Work request:
Set down exactly the lines below between the line holding "Immeuble de bureaux" and the line holding "X-Cut® Compact Diagonal", inclusive; no other line belongs in the answer.

== Material supplied

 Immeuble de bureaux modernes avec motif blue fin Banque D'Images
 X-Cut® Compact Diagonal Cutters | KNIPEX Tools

====
== Material supplied

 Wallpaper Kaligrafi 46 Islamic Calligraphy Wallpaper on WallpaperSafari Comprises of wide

====

The completed task:
 Immeuble de bureaux modernes avec motif blue fin Banque D'Images
 X-Cut® Compact Diagonal Cutters | KNIPEX Tools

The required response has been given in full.